Do you ever feel complacent? Like you are just not doing enough big things for God? Ever sensed you are outside the circle? That somewhere out there in the world of faith is a ring of fiery people doing wonderful things for God and for others and here you are doing nothing in particular but trying to live your life the best way you know how? I know exactly how you feel.

But here is what I have learned from nature:

God is God of the big and the grand, but He’s also the God of the tiny and minuscule. No act or creation or person is too small to escape His notice.

Yesterday I found a little leaf. I almost sat on it it was so small, but there it was. A perfect replica of the big oak leaves that are fluttering to the earth right now. I think He let me find it to remind me that I am just as big a miracle as that big oak standing in the middle of my Aunt’s yard.

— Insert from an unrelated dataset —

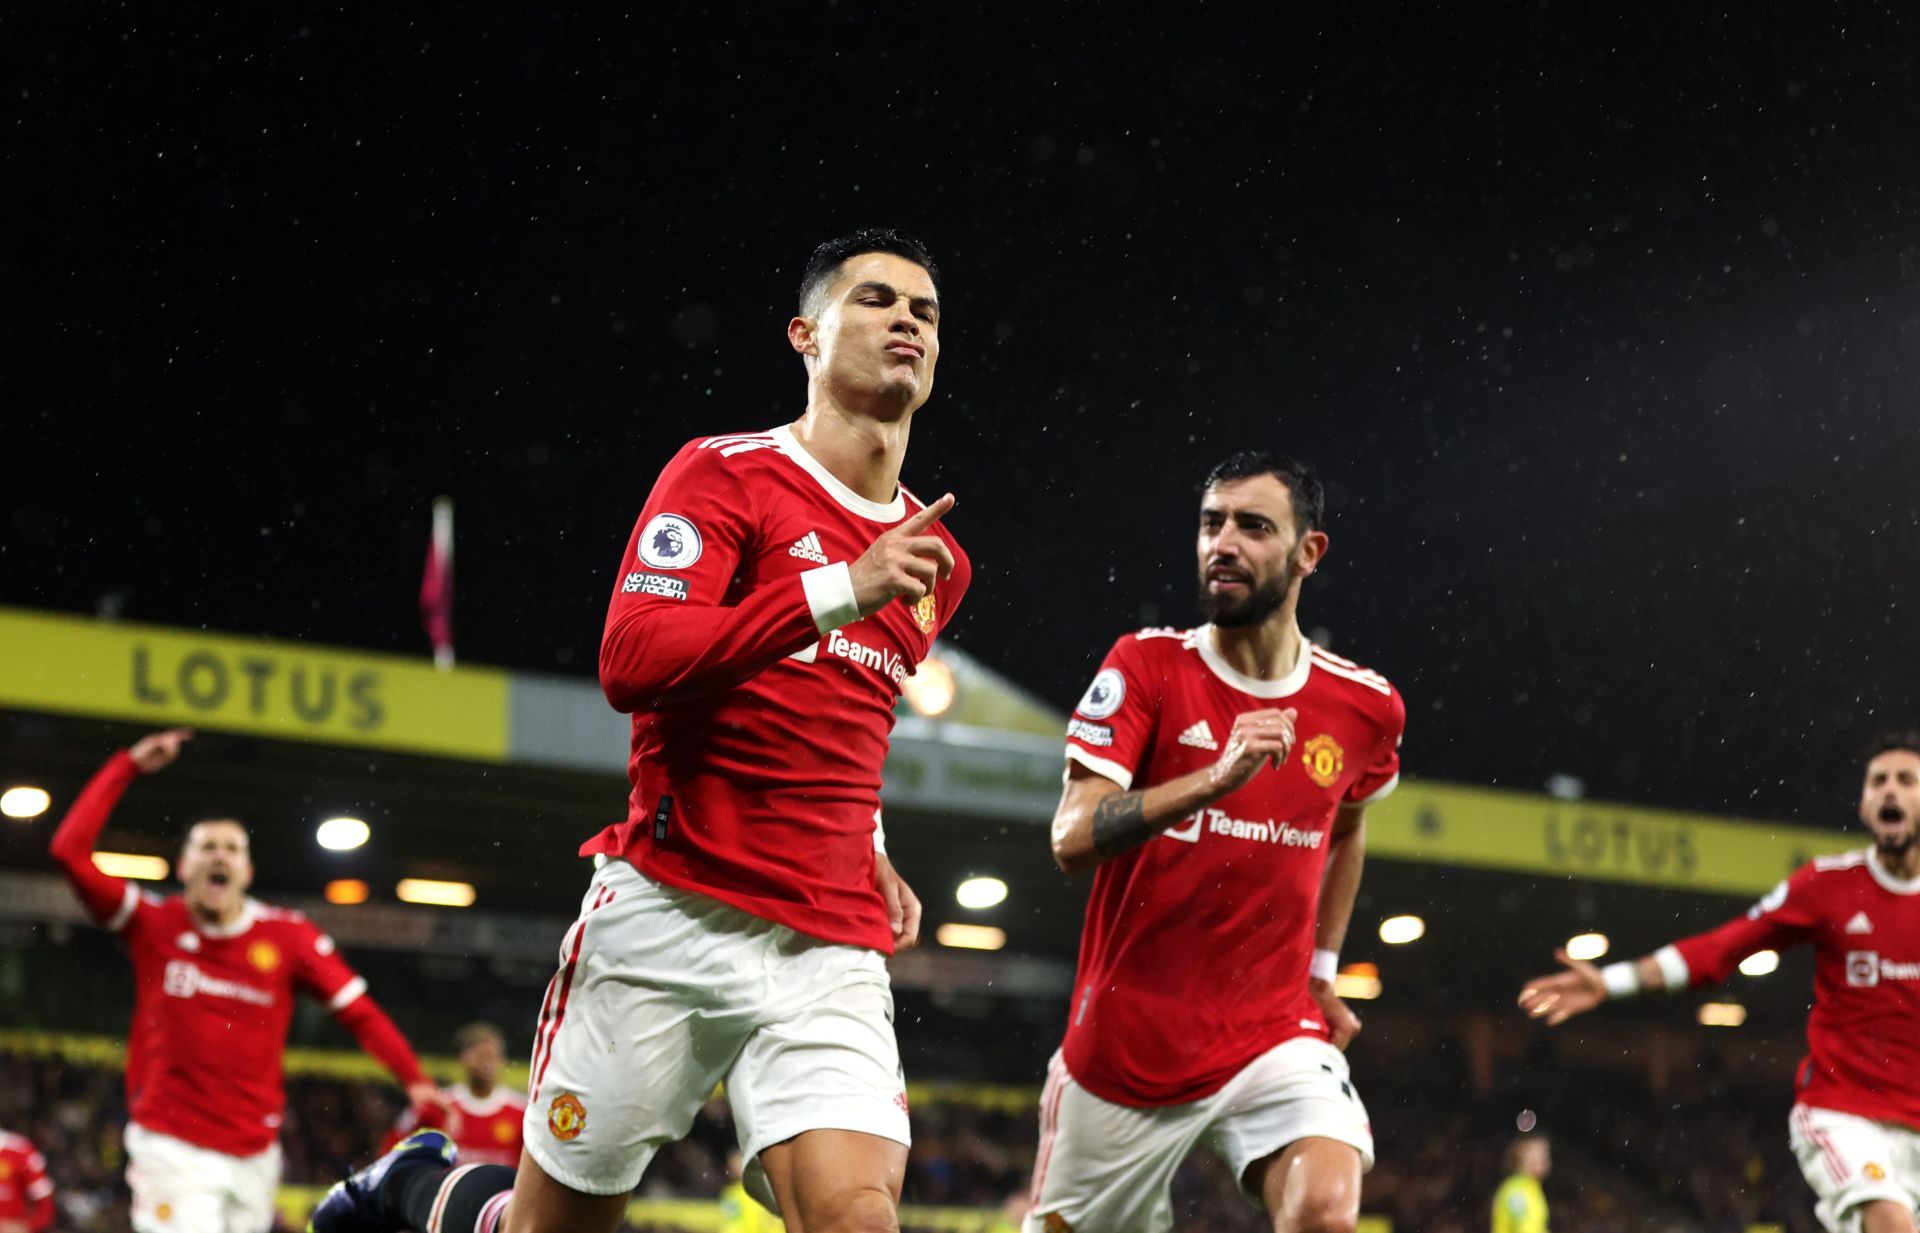 Cristiano Ronaldo is one of two Manchester United players nominated for the FIFRO World XI

He whispers things like that to me.

And when we praise Him and thank Him for being fearfully and wonderfully made, something is set right within myself and the world me. My perspective changes. I find that gratitude and praise are the steps that bring us close to a God who has already proven how much He loves us; a God who has always had His arms open to us.

He accepts stumbling, halting, half-hoping words, in fact He loves them. Prayer can be a cracked window in our hearts that reaches all the way to Heaven. “If you are there” prayers, can sometimes start the mountains moving. He is waiting to hear from you!

Blessings on your Sunday today, friends.